▶ AVAILABLE DATA

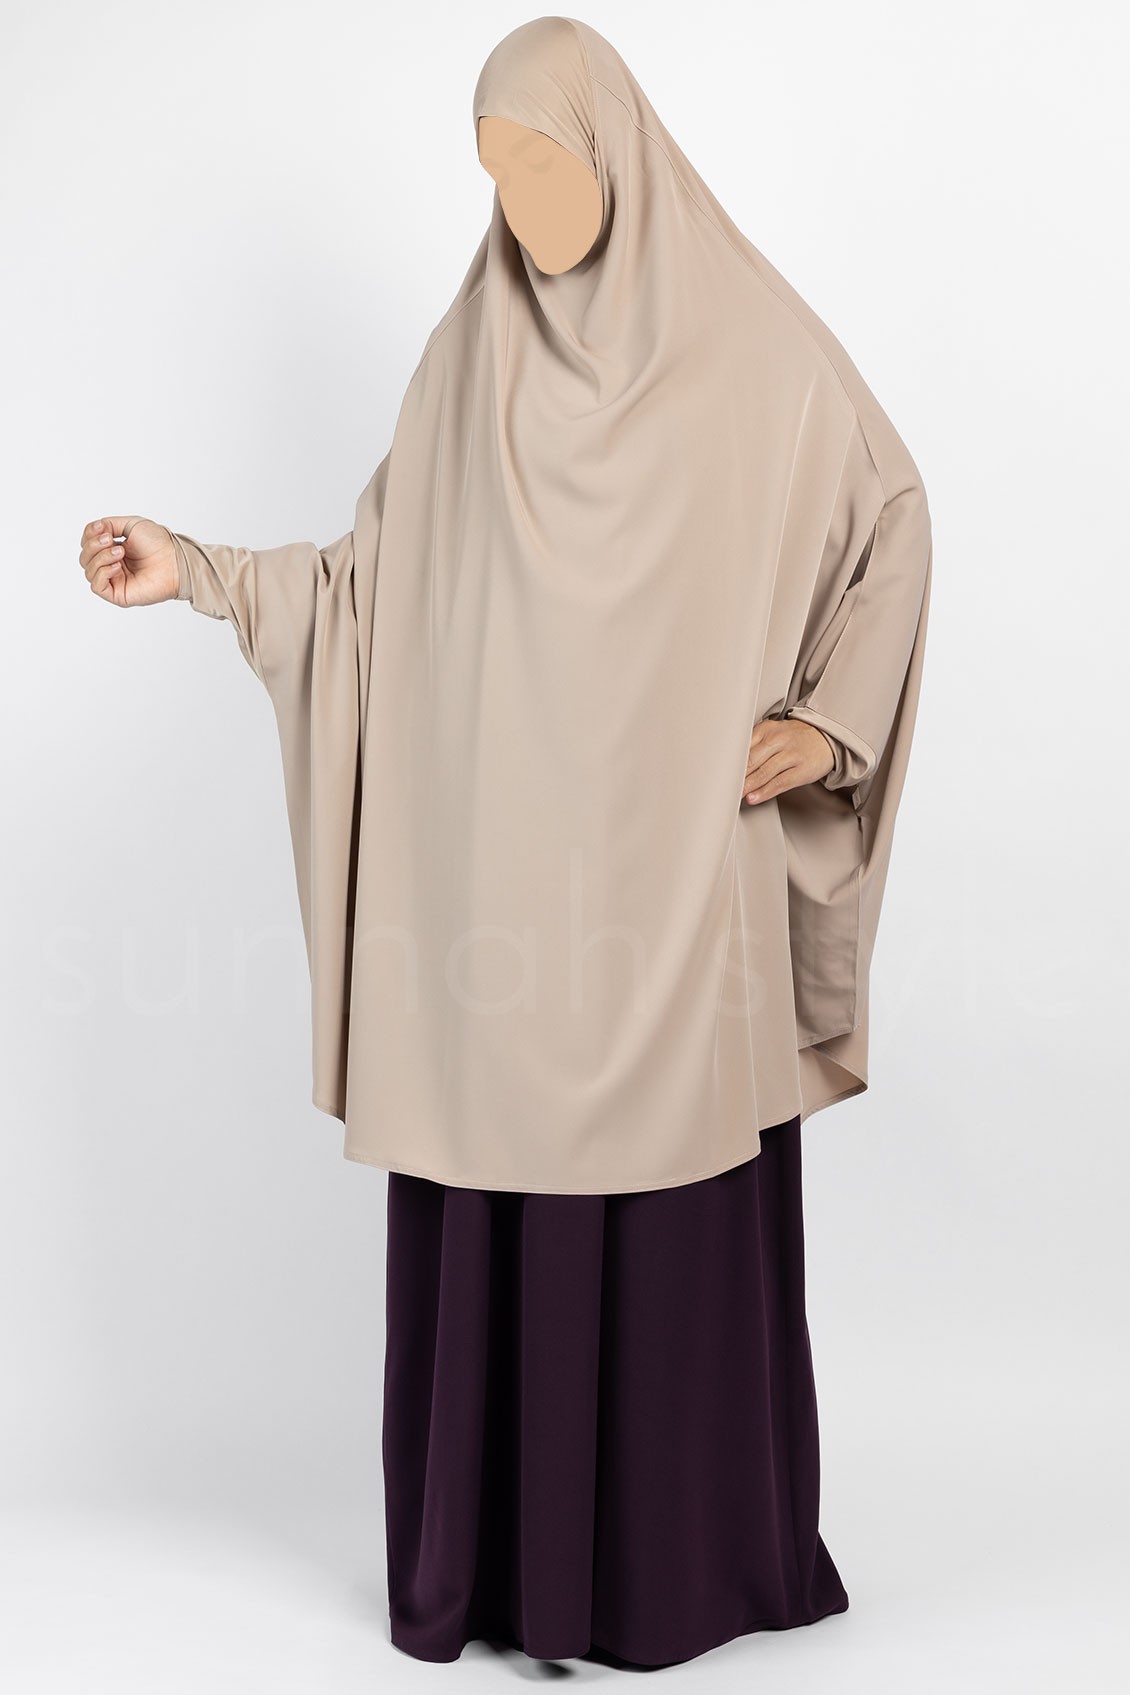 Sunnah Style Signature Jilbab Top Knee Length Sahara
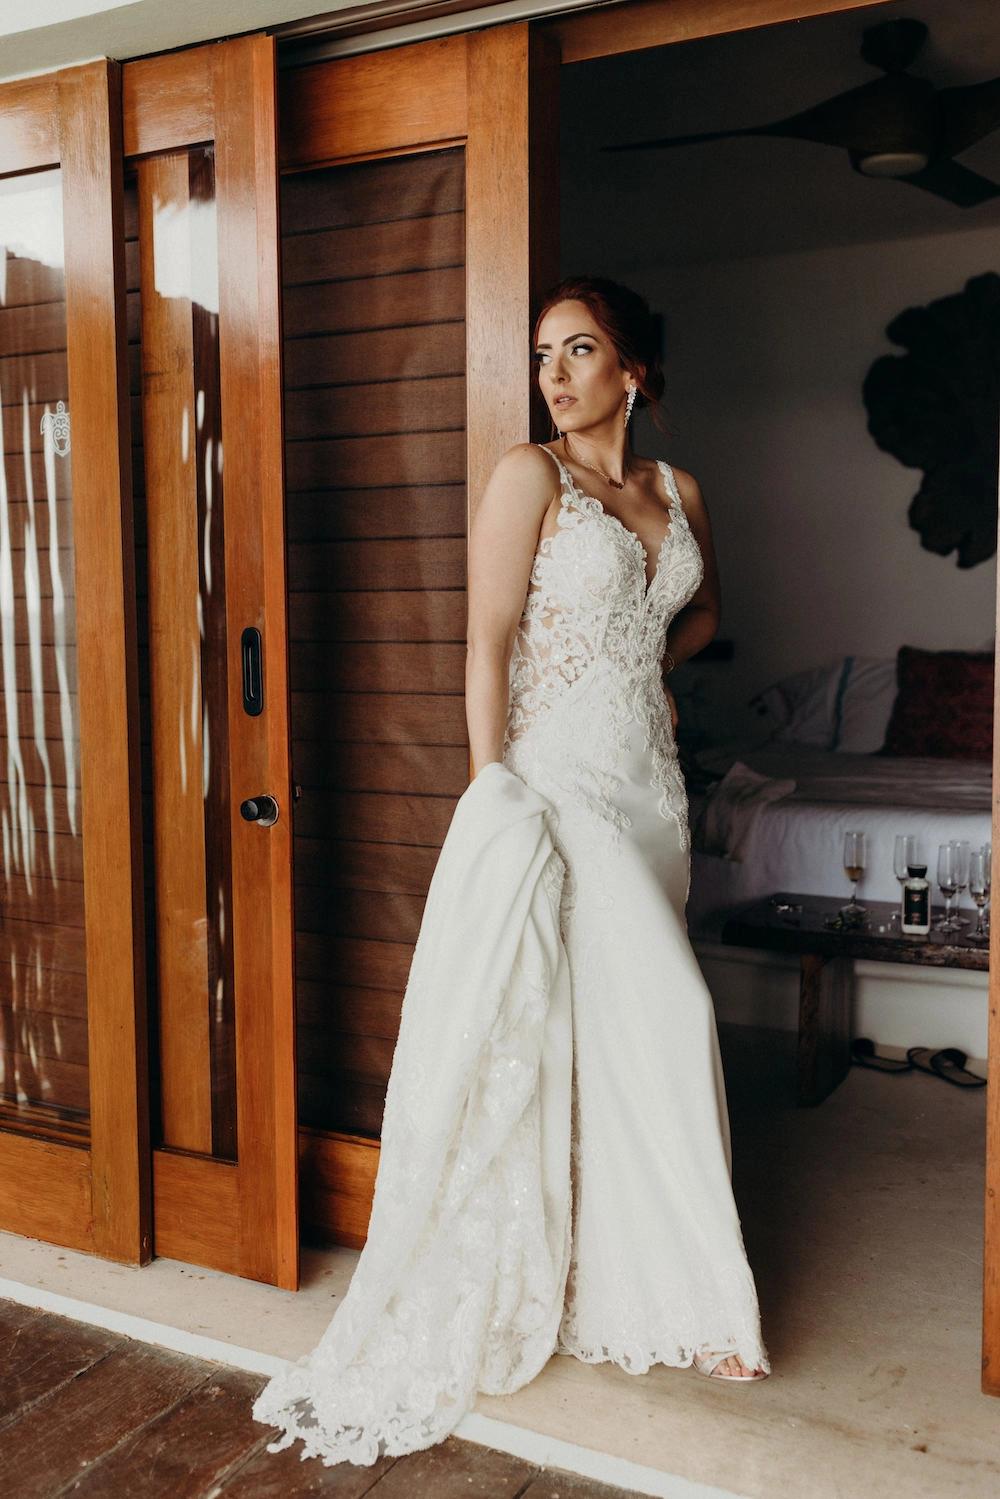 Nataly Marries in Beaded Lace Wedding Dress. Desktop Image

==

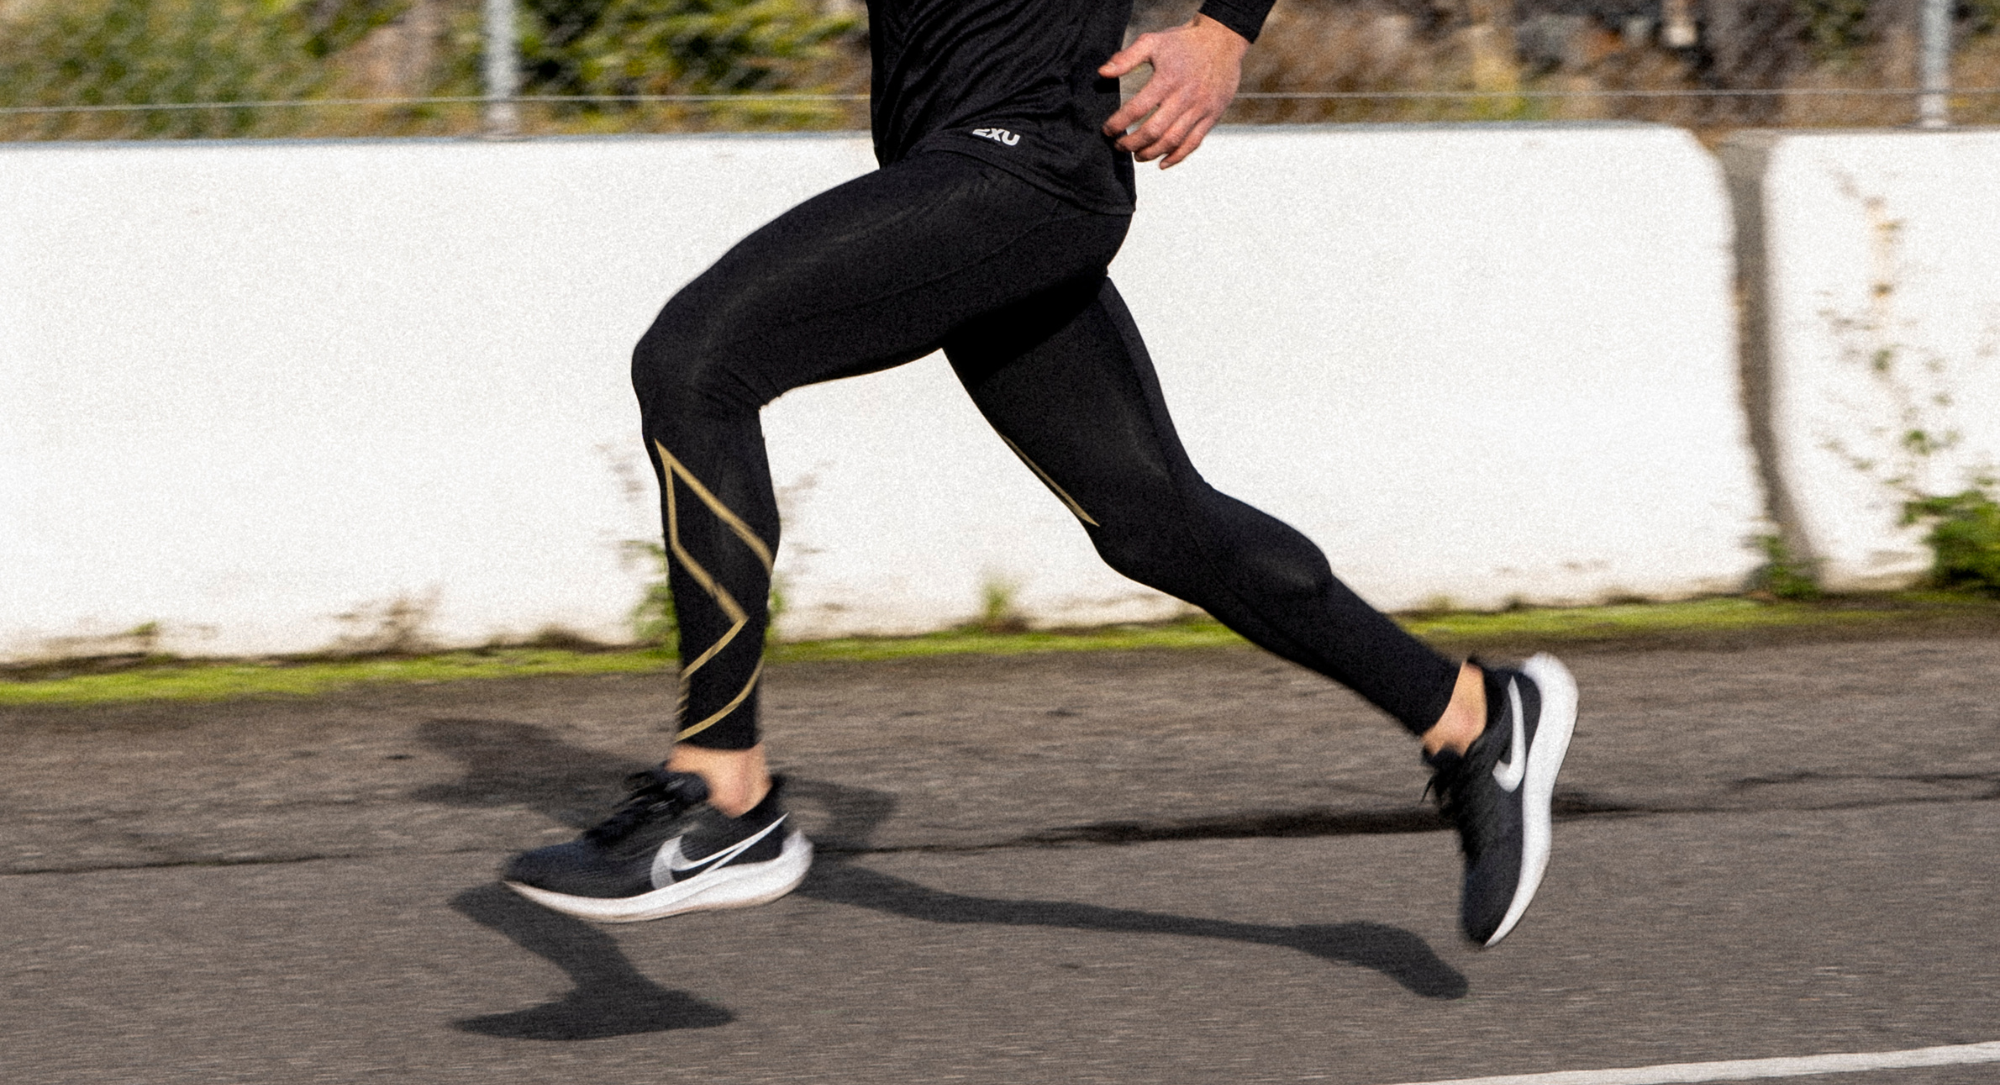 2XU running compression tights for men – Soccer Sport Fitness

▶ ABOUT THIS TASK
Please set down, exactly and with no pictures, the lines in the entries above starting at the one holding "Sunnah Style Signature" and ending at the one holding "Nataly Marries in", ends included.

▶ SOLUTION TO THE EXERCISE
 Sunnah Style Signature Jilbab Top Knee Length Sahara
 Nataly Marries in Beaded Lace Wedding Dress. Desktop Image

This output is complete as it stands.